I've implemented VPG, TRPO and PPO so far.

In this notebook, you'll train a TRPO agent with the Reinforcement Learning Replications (rl-replicas).

If you're not familiar with TRPO or RL, I highly recomend to read through the [OpenAI Spinning Up](https://spinningup.openai.com/en/latest/user/introduction.html)
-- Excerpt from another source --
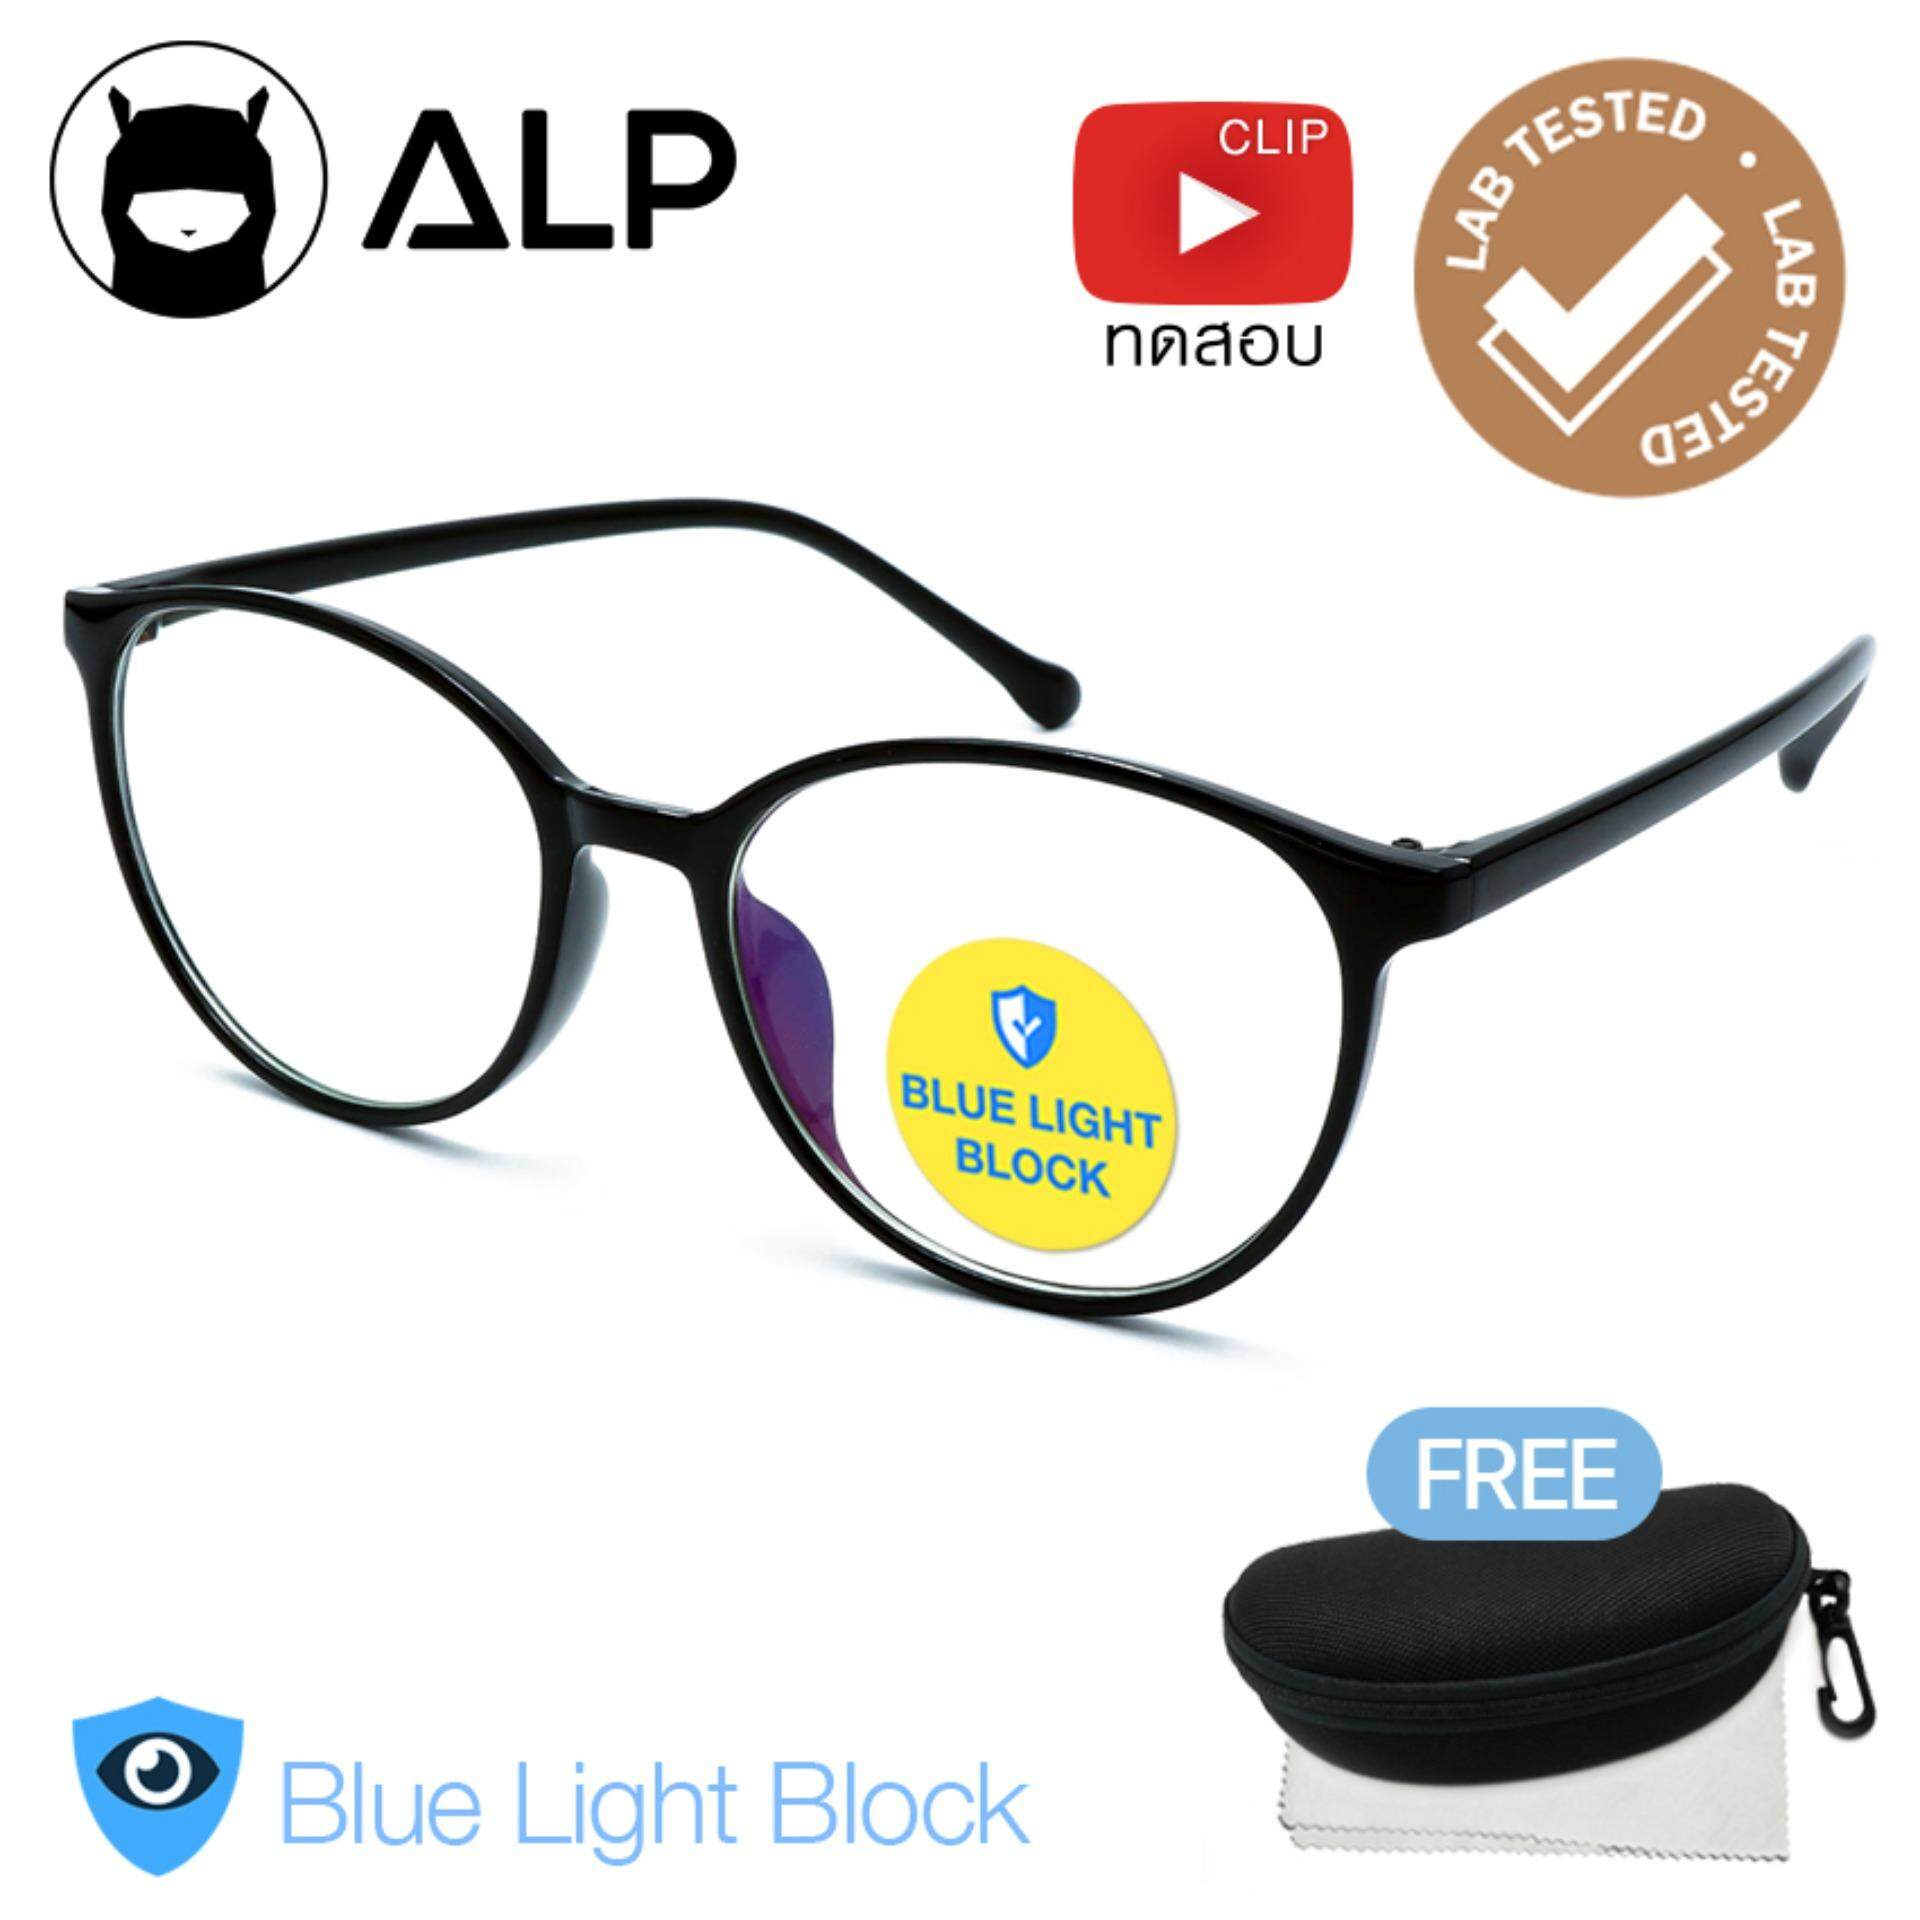 Alp Computer Glasses แว่นกรองแสง แว่นคอมพิวเตอร์ กรองแสงสีฟ้า Blue Light Block  กันรังสี Uv, Uva, Uvb กรอบแว่นตา Vintage Oval Style รุ่น Alp-E035.

install gfootball required tools

In [None]:
# Install:
# Kaggle environments.
!git clone -q https://github.com/Kaggle/kaggle-environments.git
!cd kaggle-environments && pip install .

# GFootball environment.
!apt-get update -y -qq > /dev/null
!apt-get install -y -qq libsdl2-gfx-dev libsdl2-ttf-dev

# Make sure that the Branch in git clone and in wget call matches !!
!git clone -q -b v2.8 https://github.com/google-research/football.git
!mkdir -p football/third_party/gfootball_engine/lib

!wget -q https://storage.googleapis.com/gfootball/prebuilt_gameplayfootball_v2.8.so -O football/third_party/gfootball_engine/lib/prebuilt_gameplayfootball.so
!cd football && GFOOTBALL_USE_PREBUILT_SO=1 pip install .

install rl-replicas

In [None]:
!pip install rl-replicas

### Train with rl-replicas

In the rl-replicas, you'll set up the TRPO algorithm with `Policy` and `ValueFunction`. Those two core components have their own neural network and optimizer.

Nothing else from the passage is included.